Как ни удивительно, но это подействовало сильнее всего.

Теперь передовыми пошли рати князей Дмитрия Васильевича Щени-Патрикеева и Глинского, а восьмого июня и Василий с братьями Юрием и Семеном подступили к Смоленску. Войска опять было около восьмидесяти тысяч, а пушек уже сто пятьдесят, пищальников до двух с половиной тысяч, подрывников-минеров тоже больше. Всего больше. Город обложили кругом, заперли намертво, устроили в нем сущий ад на много-много дней, и в середине июля городские ворота наконец отворились и из них вышла делегация защитников от бояр, мещан и черных людей – Иван Юрьевич Шигона-Поджогин и дьяк Иван Телешев. Условия сдачи обсуждали еще в Москве, и Василий согласился с предложением Вассиана непременно приветить смолян, чтоб почувствовали, что вернулись в родное отечество и зла за сопротивление на них никто не держит; Василий дал им жалованную грамоту со многими льготами и обещаниями.

Смоленск распахнул ворота.

А жолнерам и панам, которые согласились перейти к нему на службу, государь распорядился выдать каждому по две тысячи рублей и по куску английского сукна. Поместья и вотчины им были оставлены.

Смоленским наместником поставлен Василий Васильевич Шуйский.

Потом Василий ей рассказывал, как первого августа под ярким жарким солнцем под ликующее пение труб, грохот барабанов и невнятный перезвон колоколов уцелевших церквей торжественно въехал в сильно разрушенный, выгоревший город на высоком белом красавце коне под серебристой с голубыми кистями попоной, в золоченом дивном шлеме с разноцветными перьями, золоченом панцире с выпуклым двуглавым орлом на груди, пурпурном, муарового шелка плаще – весь сияющий, ослепительно сверкающий под солнцем, величественный и грозный, он был, как ему казалось, подобен самому всемогущему небесному архистратигу, и уцелевшие горожане, высыпавшие на улицы, завороженно склоняли головы, кланялись до земли, даже падали ниц, и он чем дальше, тем как будто – вспоминал он – становился все больше, выше, шире, величественней и могущественней, переполненный ликующей гордостью за совершенное им и его войсками, которые гулко, грозно грохотали, лились следом за ним под алыми и черными стягами с ликами Христа, Георгия Победоносца и архангелов.

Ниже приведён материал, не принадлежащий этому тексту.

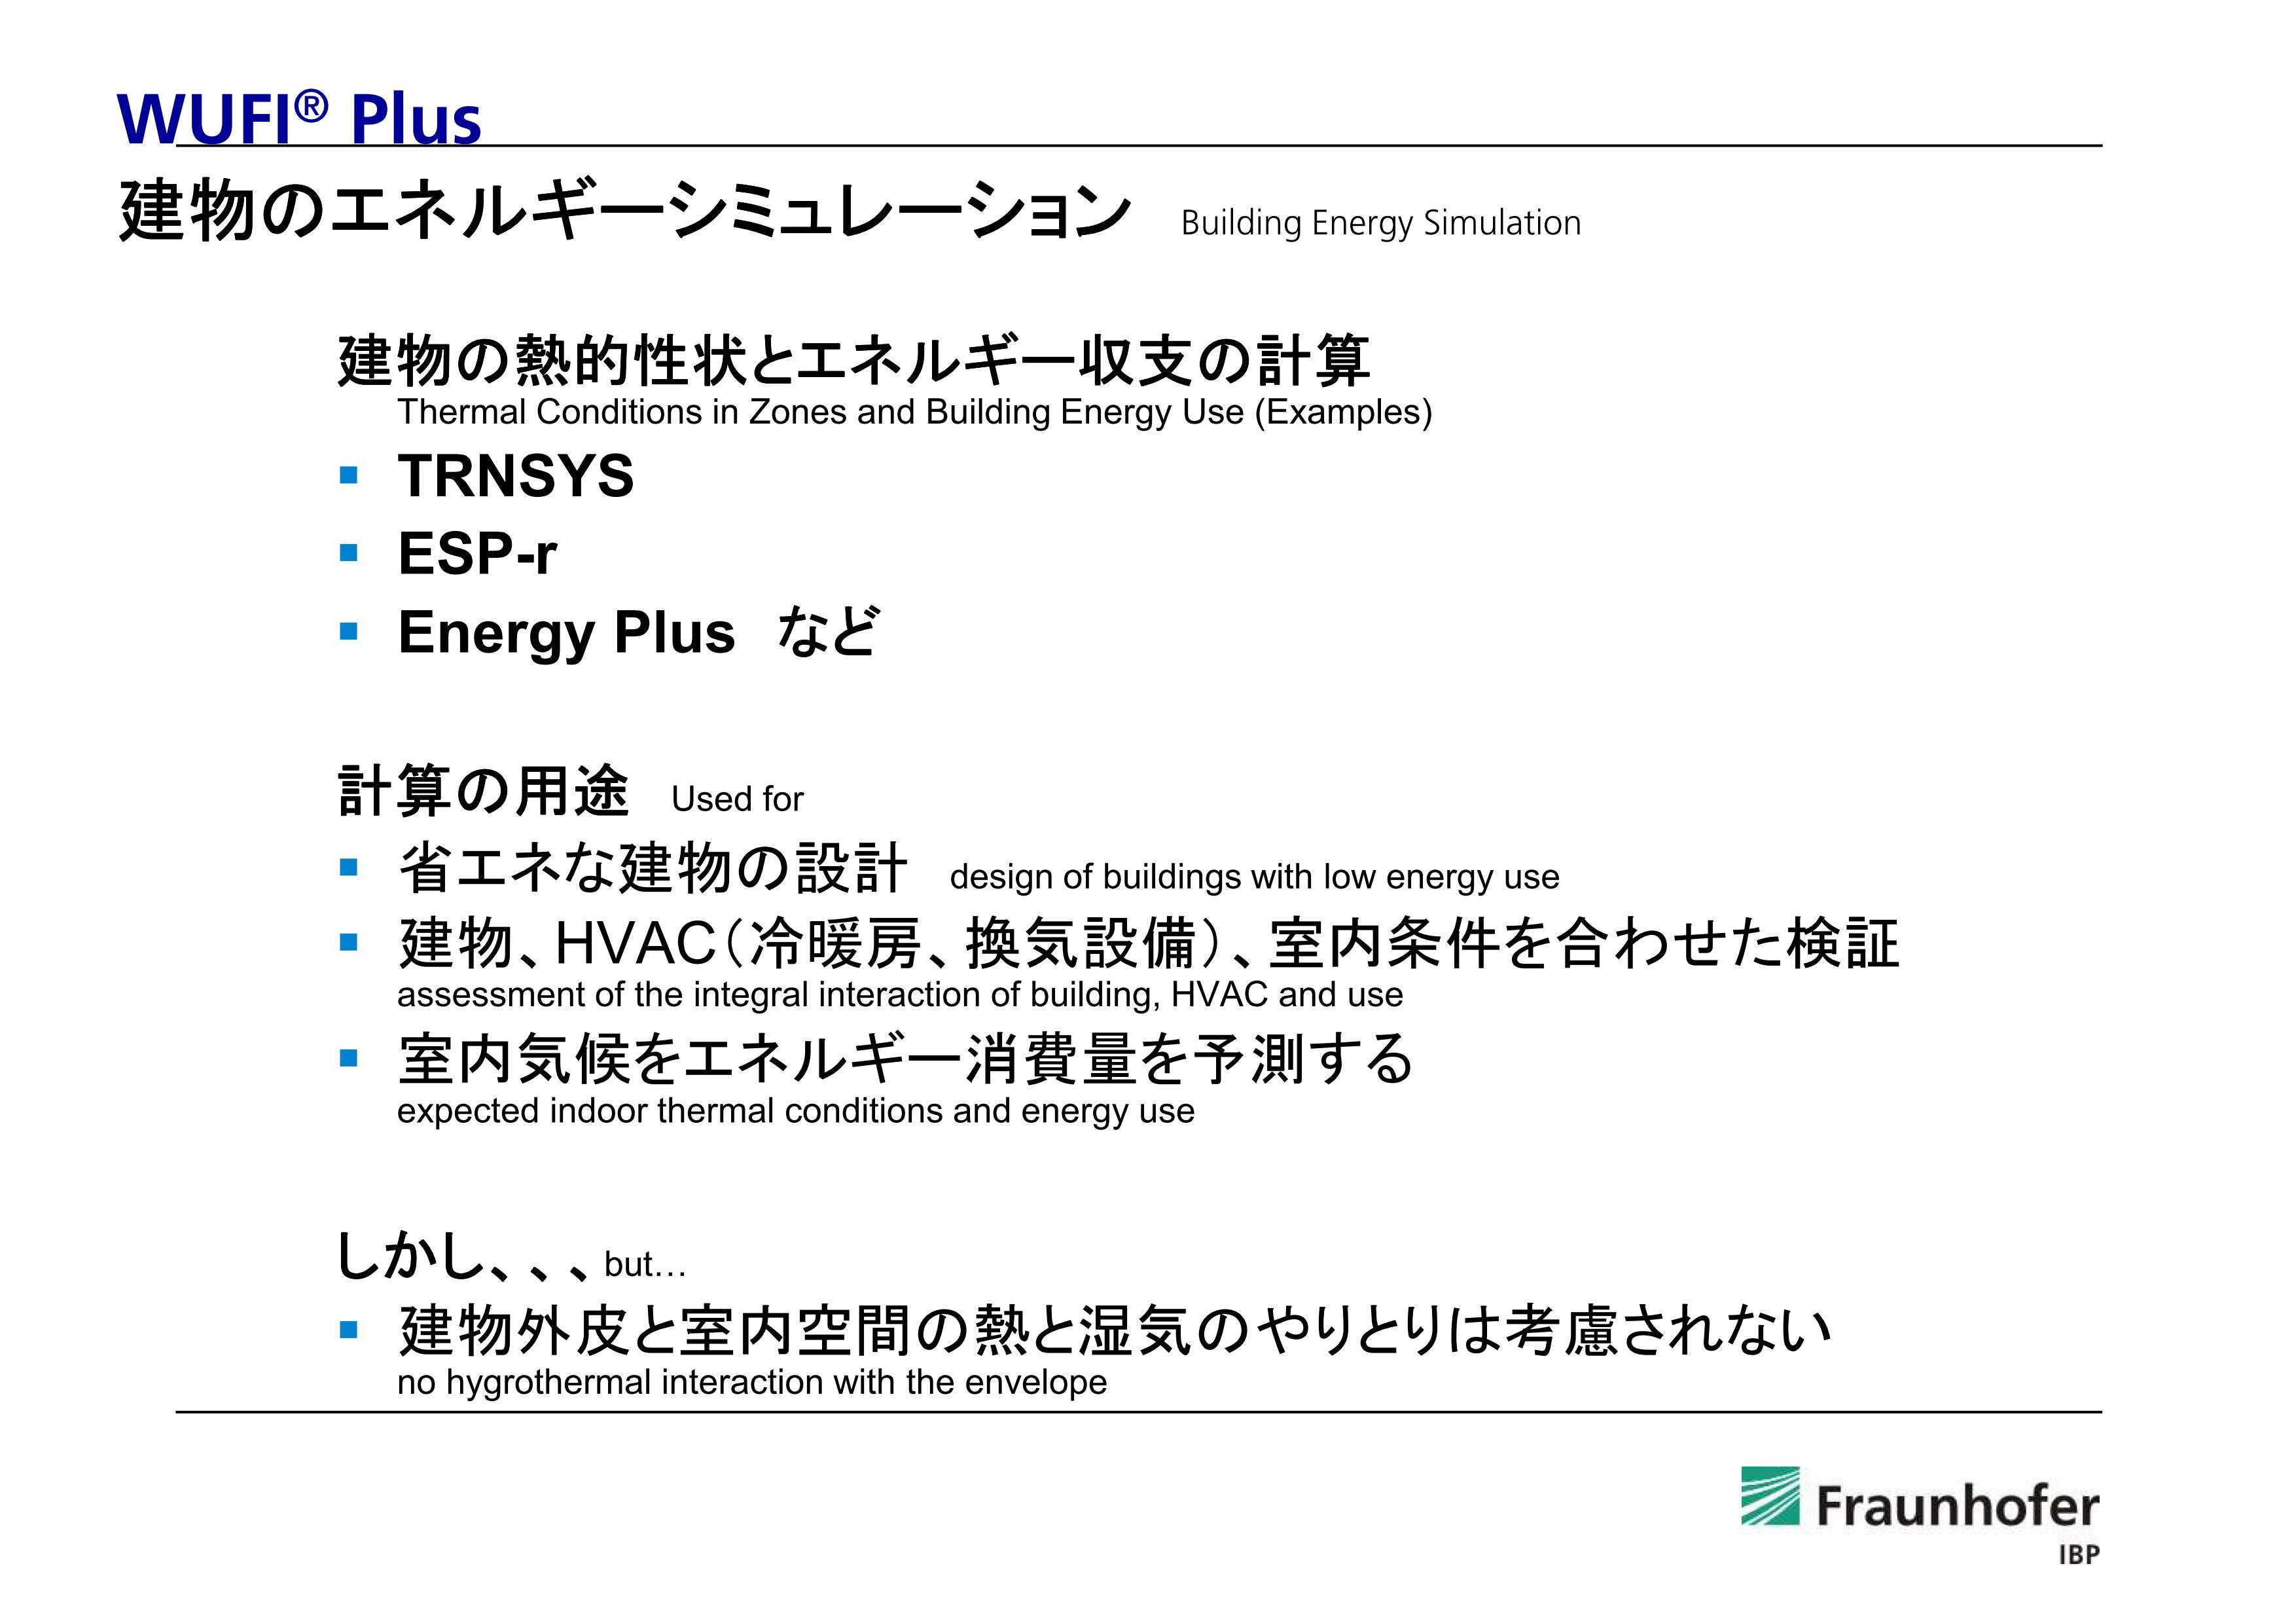 plus_WUFI 21

Потом он всегда говорил, что это был счастливейший, величайший день в его жизни, главное, что он вообще совершил в свое царствование.

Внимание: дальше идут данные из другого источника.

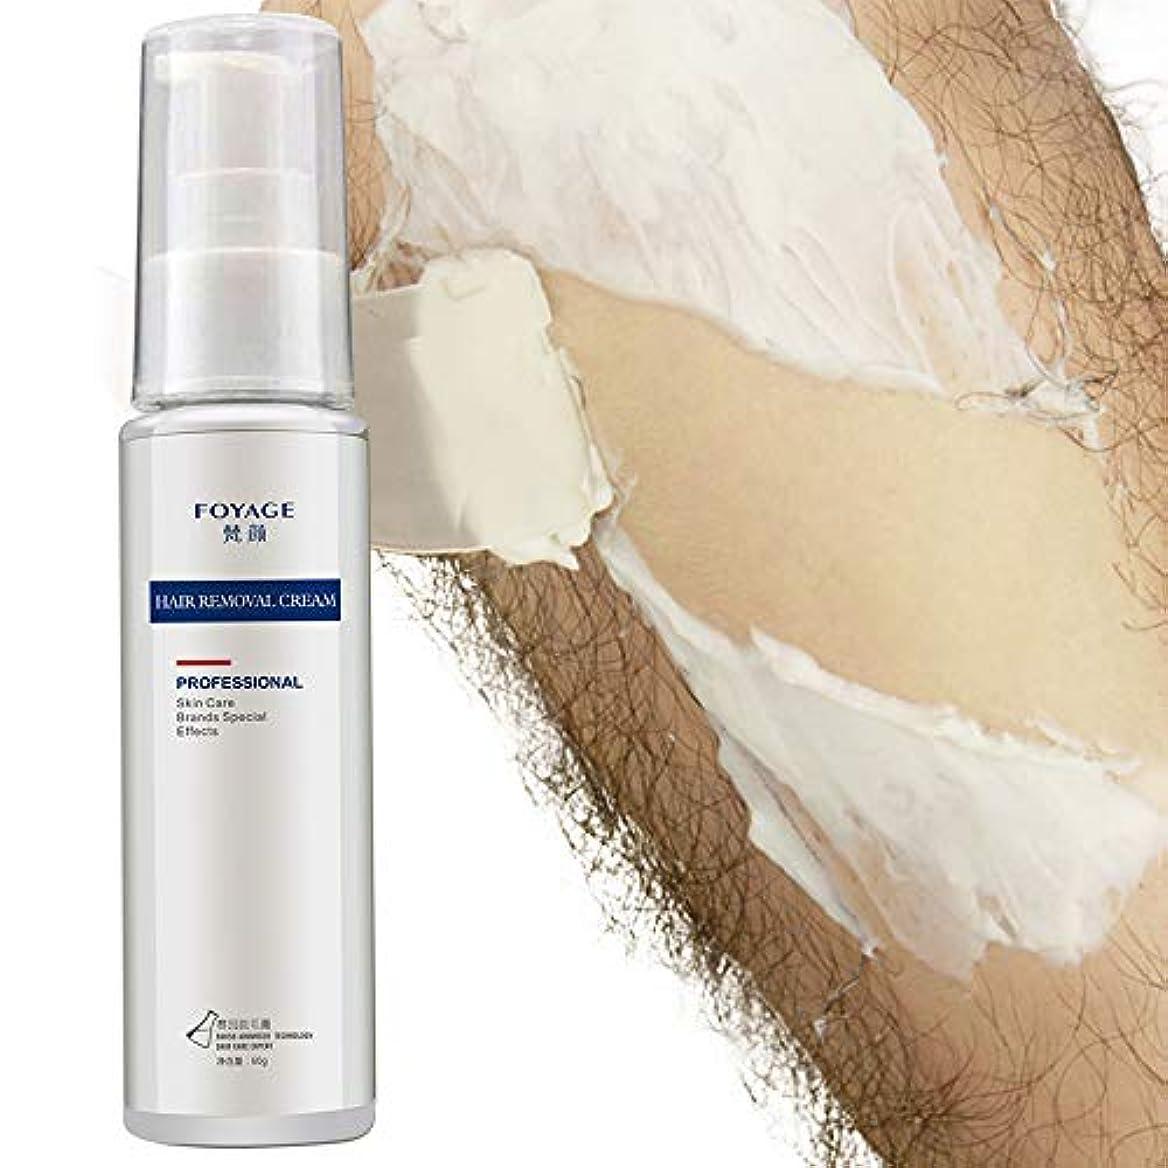 実験的噴水ドラマFOYAGE 脱毛 クリーム60g (剛毛、脚毛、胸毛) 用 顔と陰部に使用 禁止

И еще часто вспоминал, как через день, третьего августа, когда они продолжали праздновать победу, бражничали за столами вместе со смоленской знатью, его попросил уединиться Михаил Глинский и, улыбаясь совсем не хмельно, глядя прямо в глаза, сказал:

– Ну вот, великий князь Московский, сегодня я дарю тебе крепость Смоленск, которую ты давно желал. Что же ты даришь мне?

– Ну, думаю, и наглец! Будто это он один овладел Смоленском! Помолчал и говорю: "Так как ты мне даришь его, так я дарю тебе княжество Литовское..." Так-то! Не дал ни шиша. Всем дал, всех одарил, кроме него – за наглость. Вижу, озлился страшно, но ловко скрывает, даже глаза не отводит. Ну, думаю, не зря сомневался – из одной корысти пришел служить...

И тогда же, в Смоленске, Василий приказал тайно следить за Глинским и через полгода с небольшим, уже в Москве, ему доставили списки с двух грамот, которые тот посылал Сигизмунду: в первой винился, что ушел из Литвы, и изъявил желание вернуться и вновь служить его короне, а во второй, видимо, получив какое-то прощение и согласие Сигизмунда, извещал, что у него есть блестящий, хитрый план, как вернуть Литве потерянное, но для этого ему, Глинскому, необходимо еще какое-то время побыть на Руси и кое-что устроить...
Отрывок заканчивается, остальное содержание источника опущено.